What is required |
Go through the data below and return each line where the string "China" occurs.

····················

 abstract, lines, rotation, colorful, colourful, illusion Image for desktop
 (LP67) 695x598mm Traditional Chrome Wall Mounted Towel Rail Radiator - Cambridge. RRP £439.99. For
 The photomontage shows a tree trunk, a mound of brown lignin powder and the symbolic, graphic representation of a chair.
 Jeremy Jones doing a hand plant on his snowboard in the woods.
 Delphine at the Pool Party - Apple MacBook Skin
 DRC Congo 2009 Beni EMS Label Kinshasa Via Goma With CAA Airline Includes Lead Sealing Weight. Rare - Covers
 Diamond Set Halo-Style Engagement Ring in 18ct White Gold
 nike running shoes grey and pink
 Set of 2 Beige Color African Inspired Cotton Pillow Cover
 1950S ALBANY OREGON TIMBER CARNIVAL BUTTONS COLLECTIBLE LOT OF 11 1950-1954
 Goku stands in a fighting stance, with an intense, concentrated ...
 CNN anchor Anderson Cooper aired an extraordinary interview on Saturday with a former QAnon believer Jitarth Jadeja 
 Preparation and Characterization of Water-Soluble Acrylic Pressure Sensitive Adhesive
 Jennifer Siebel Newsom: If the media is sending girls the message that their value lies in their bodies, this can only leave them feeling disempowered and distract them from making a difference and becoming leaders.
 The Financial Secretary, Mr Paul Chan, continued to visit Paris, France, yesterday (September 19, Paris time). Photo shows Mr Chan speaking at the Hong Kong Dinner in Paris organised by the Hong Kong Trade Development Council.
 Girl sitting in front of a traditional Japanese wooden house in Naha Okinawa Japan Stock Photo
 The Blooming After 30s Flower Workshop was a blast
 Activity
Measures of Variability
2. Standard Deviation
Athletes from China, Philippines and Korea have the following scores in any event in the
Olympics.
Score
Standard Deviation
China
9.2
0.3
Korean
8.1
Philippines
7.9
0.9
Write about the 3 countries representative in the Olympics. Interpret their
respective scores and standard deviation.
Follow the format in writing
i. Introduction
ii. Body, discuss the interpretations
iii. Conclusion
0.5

····················

Solution to this task |
Athletes from China, Philippines and Korea have the following scores in any event in the
China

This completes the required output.